July 1, 2020 at 14:25 JST
Lawyers hold up a sign proclaiming unfair judgment in the case at the Tokyo District Court on June 30. (Yosuke Fukutome)
A man who filed a damages suit against his forced sterilization in 1957 under the now-scrapped eugenics protection law was recognized by the Tokyo District Court on June 30 as having had his constitutionally guaranteed rights to "individual dignity" and pursuit of happiness violated.
The ruling was the latest reminder of the inexcusable culpability of the Diet that enacted this law in 1948 and of the central and local governments that kept it in force for decades. It also highlighted the moral bankruptcy of our society that failed to question the law's iniquity.
However, the Tokyo court's decision was far from satisfactory.
In a similar case last year, the Sendai District Court ruled that the eugenics law itself was unconstitutional. But the Tokyo court only indicated the unconstitutionality of the sterilization the plaintiff was forced to undergo, and rejected his demand for compensation.
The verdict showed little sympathy for the plaintiff, who was deprived of his right to decide whether to start a family. Furthermore, the reasons given for the verdict were not convincing.
Presiding Judge Masaharu Ito concluded that because the plaintiff was in a position to file his damages suit any time after the eugenics law was revised in 1996, his not doing so resulted in the forfeiture of his right to demand compensation.
The judge's point, in other words, was that as the public's understanding of the plight of people with disabilities grew and the old law's influence diminished in terms of condoning popular prejudice toward the disabled, there was nothing to stop the plaintiff from seeking legal redress much earlier.
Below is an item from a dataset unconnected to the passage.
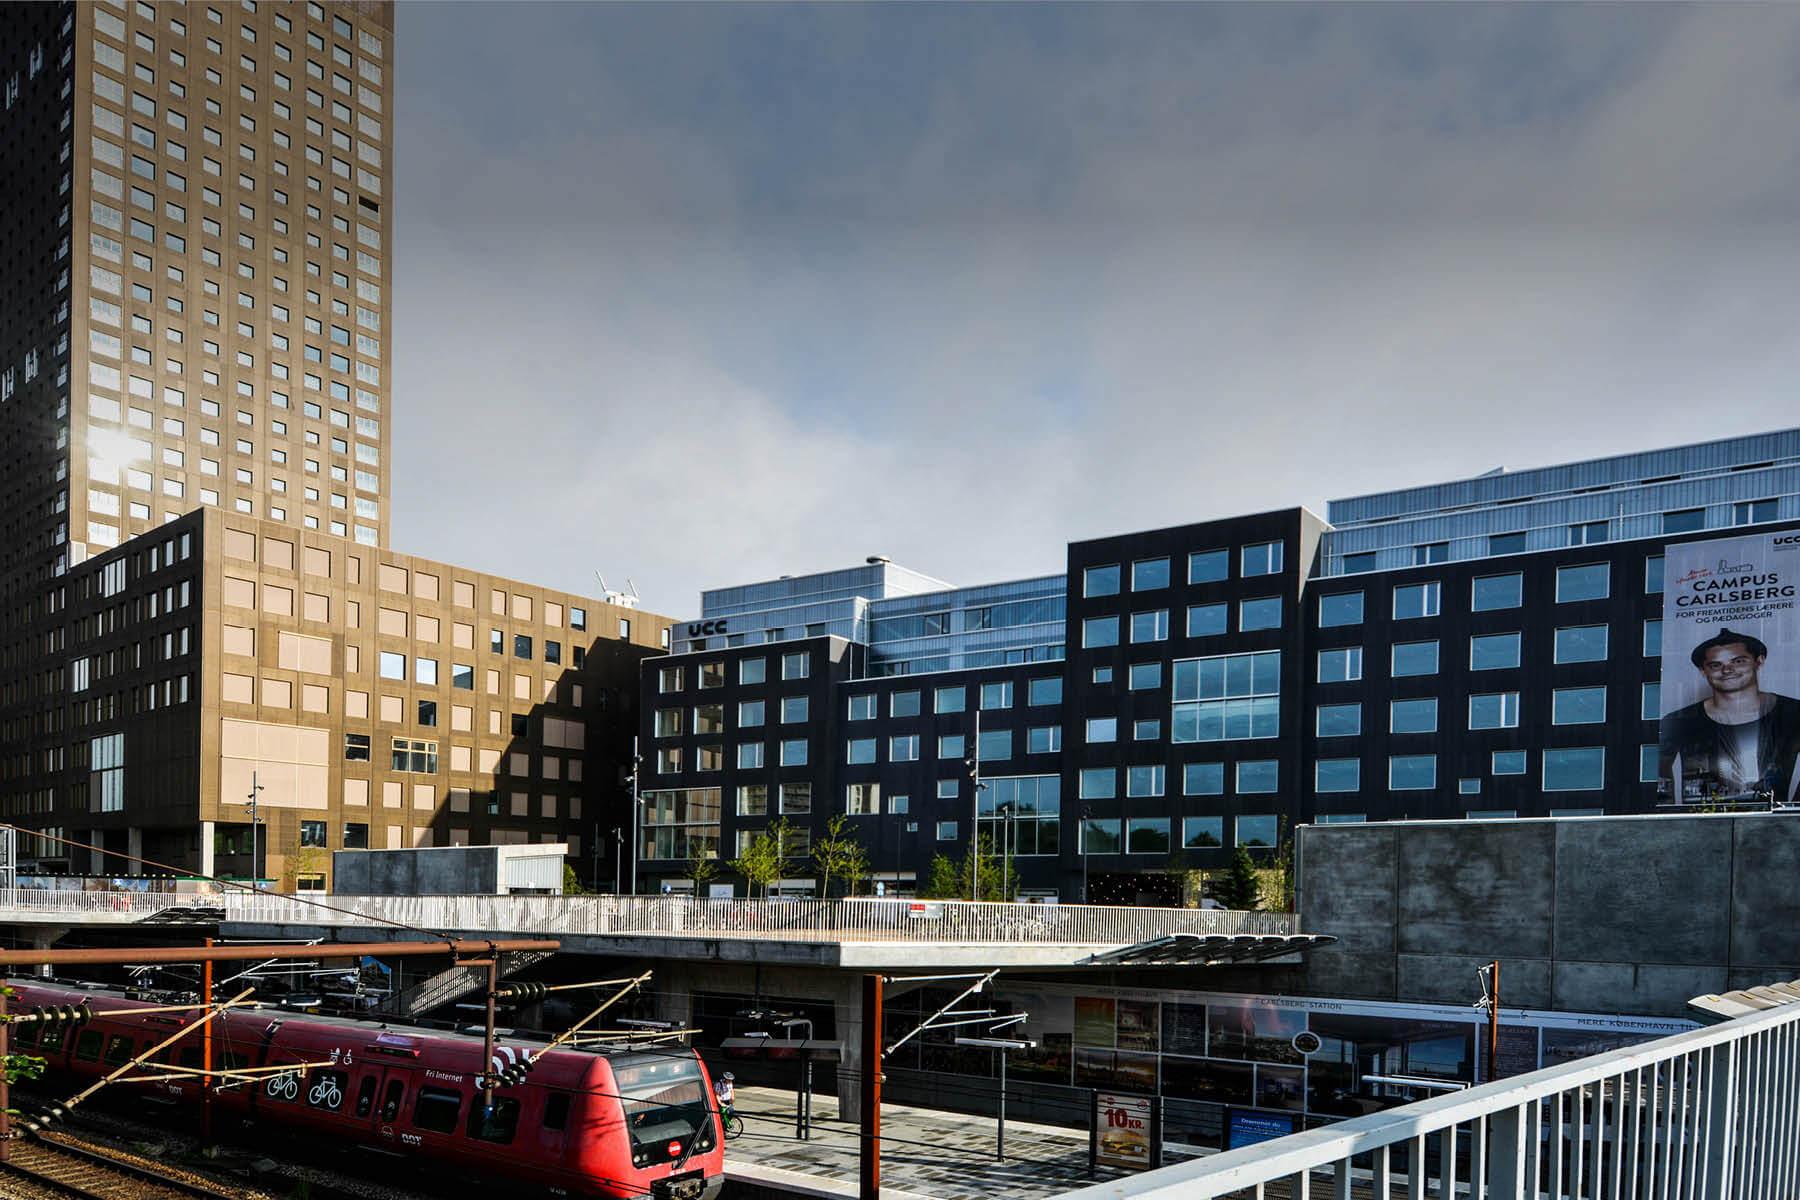 Campus Carlsberg ses fra siden der vender ned mod Carlsberg station, hvor der holder et s-tog.

It is an outrageous argument that revealed the judge's almost total lack of understanding of the plaintiff's plight.
And by noting in his ruling the "difficulty of eliminating the concept of eugenics as a real-life problem," the judge effectively absolved the Diet and the government of their failure to implement measures for compensating the victims and eliminating discrimination, other than to just revise the 1948 law in 1996.
It must be said the court abandoned its judicial responsibility to protect the rights of minorities and keep the legislature and administration in check from dereliction of duty.
The plaintiff's attorneys quite rightly denounced the ruling.
The matter of forced sterilization of people with disabilities appeared to have reached a certain degree of settlement in April last year, when a law came into force to pay a uniform lump sum compensation of 3.2 million yen ($29,600) per victim.
But many problems remain.
Aside from the argument that the amount is hardly adequate for the extent of damage done, only 621 individuals have been recognized as victims to date.
But there are 7,000 or so identifiable victims through records kept by local governments and health care organs. And given that about 3,400 of those people are believed to still be alive, the recipients of the compensation are all too few.
Attorneys who are working to support the victims say that many are still unable to come forward because the 1948 law maintained that the purpose of the sterilization was to prevent the birth of "inferior" offspring, or because a good number of the victims are unaware of their plight since they were operated on without any explanation.
From any one of these situations, it is all too clear how divorced from reality the latest Tokyo District Court ruling was.
Aside from publicizing the compensation payment program as broadly as possible, the government must also seriously consider contacting all victims in person while fully respecting their privacy.
The Diet recently decided to conduct a survey of the background of the 1948 law's enactment and the extent of the damage that ensued. The torment suffered by the victims can be redressed only through a good, hard look at the facts and close examination of the past mistakes made by the authorities concerned.